To get back to the initial discourse on the glowing president that we never had, it may be necessary to draw attention to some of the interesting ideas of that crowd of aspirants. It is not entirely irrelevant, for example, that Ezekwesili’s campaign riff of empowering the youth and women, would appear to have been adopted, at least in rhetoric by Buhari in the early flush of victory. Some of her other ideas, such as making the Nigerian National Petroleum Corporation to face the market, without necessarily selling it off, also deserves attention, in view of the moral torpor that pervades the Octopus. Moghalu, who was endorsed by Soyinka’s Citizenship Forum had promised to raise a world-class, first eleven managerial team that would pursue evidence-based public policy, as well as integrate education with the economy, in ways that mainstream innovation and skill acquisition. He had also pledged to stop medical tourism by upgrading to 15%, the percentage share of health to the total budget. Worthy of attention too, is Mailafia’s proposed educational project, which would at once increase the literacy rate and make intellectual capital, the basis of development.

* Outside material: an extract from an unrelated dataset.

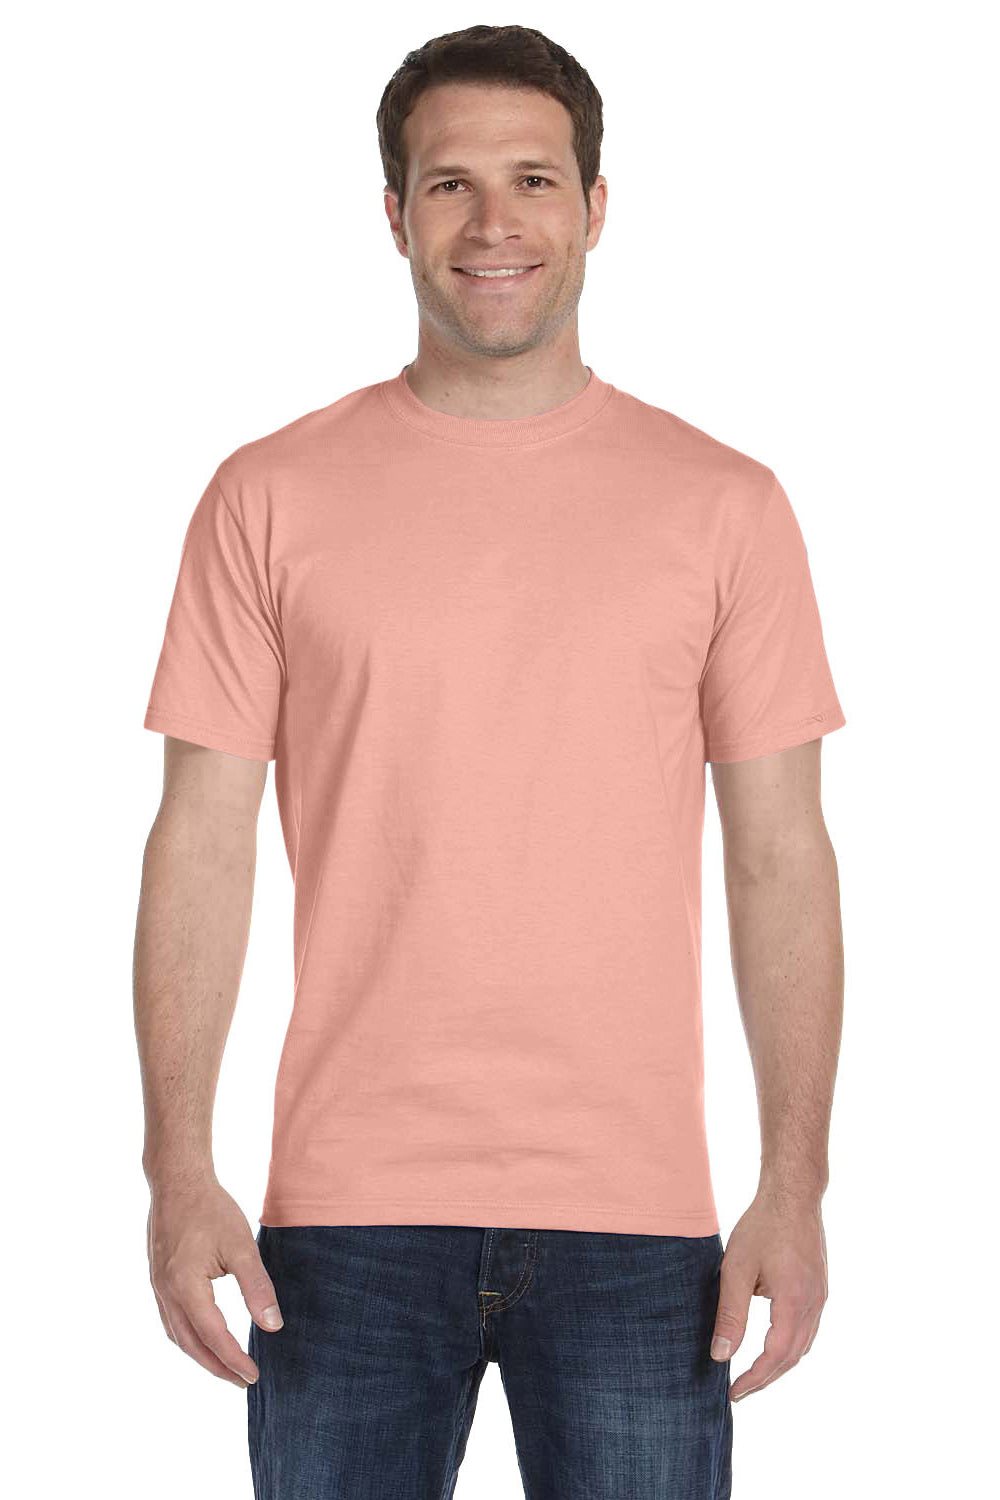 Hanes 5280 Mens ComfortSoft Short Sleeve Crewneck T-Shirt Candy Orange Front
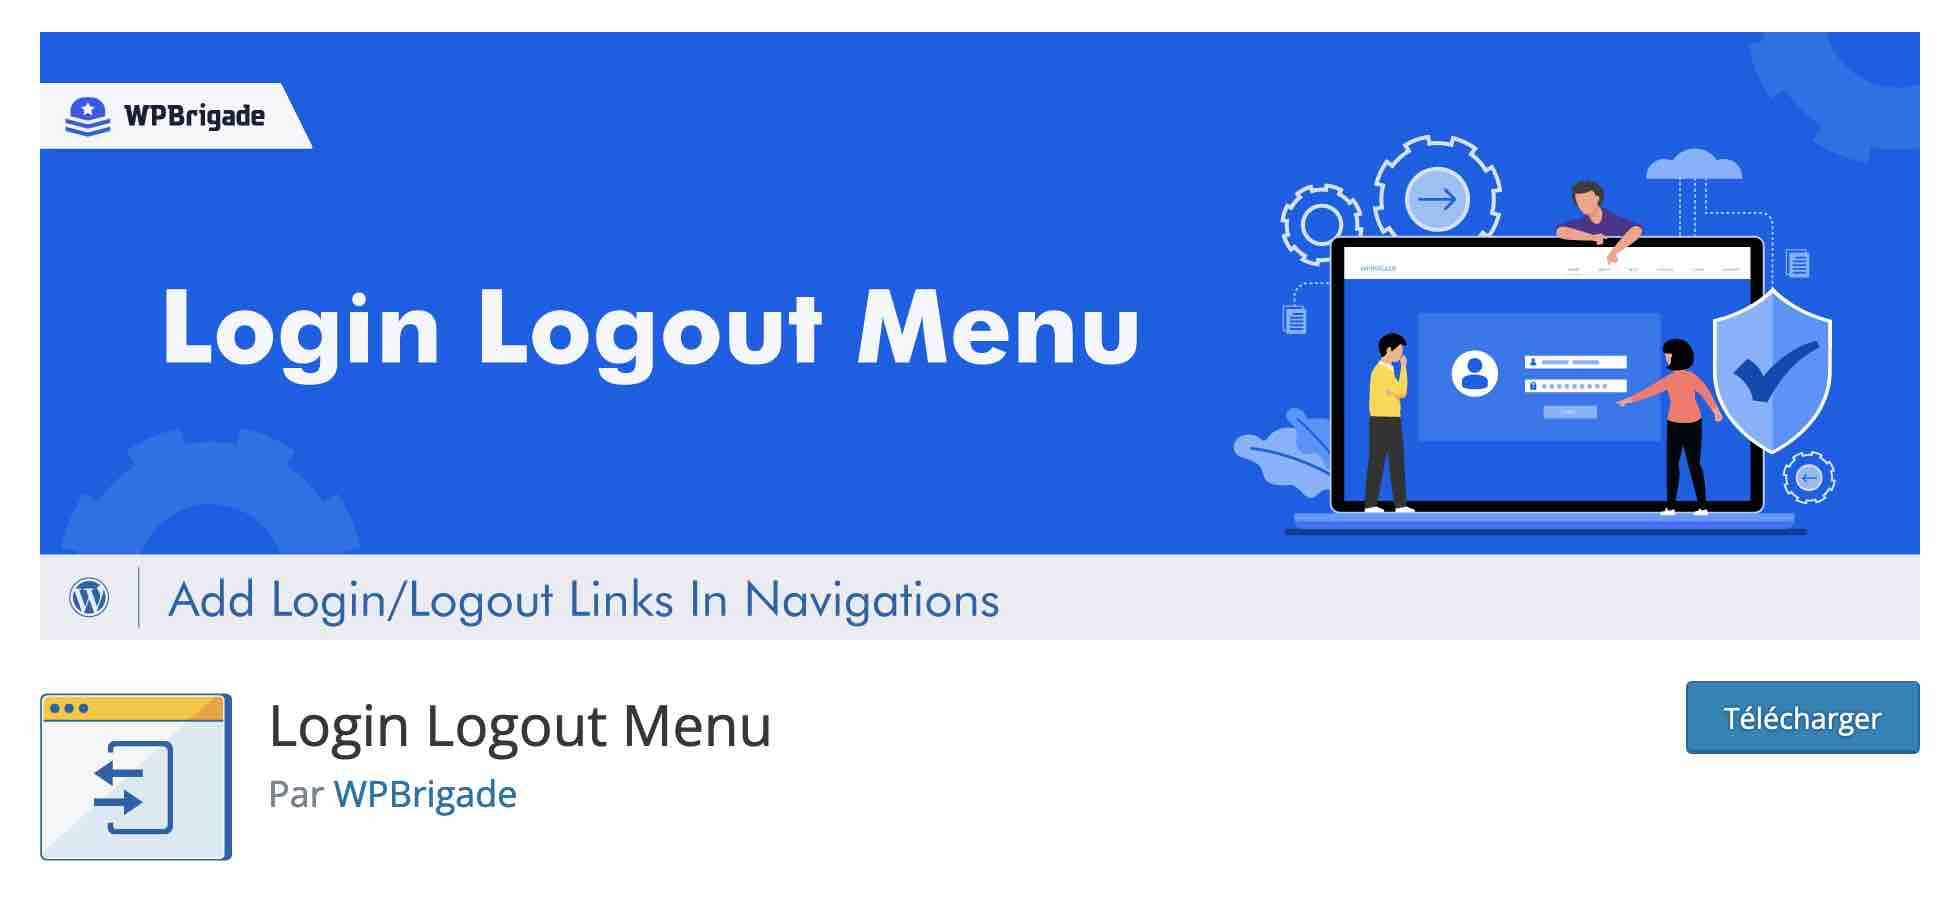 Login Logout Menu adds buttons to login to your WordPress site.

To tackle security issues, he sketched out a plan to modernise the police, by emphasising intelligence gathering capacity, as well as create a military-industrial complex to fast-track Research and Development. At first blush, Sowore’s plan to raise the minimum wage to N100,000 may sound absurd, but it speaks to the need to restructure an economy that is badly skewed in favour of an affluent and largely unproductive minority.

An interesting post on social media had one of Sowore’s fanatical supporters replying to a commentator who had mocked the principal over his electoral loss. Sowore’s advocate reminded the critic that the former has a Green Card, and is therefore innoculated from the woes of poor leadership in our clime. It is Nigerians, he argued, who will have to put up with a malfunctioning system that does not guarantee health services, stable electricity, decent roads, quality education, and employment.

Food for thought, I dare say, but all hope is not lost, if the learning curve of our leaders finds a way to incorporate some of the sound ideas canvassed in the course of the campaign, and perhaps deploy some of these campaigners in the position of ministers or special advisers, so that the nation can benefit from their ideas.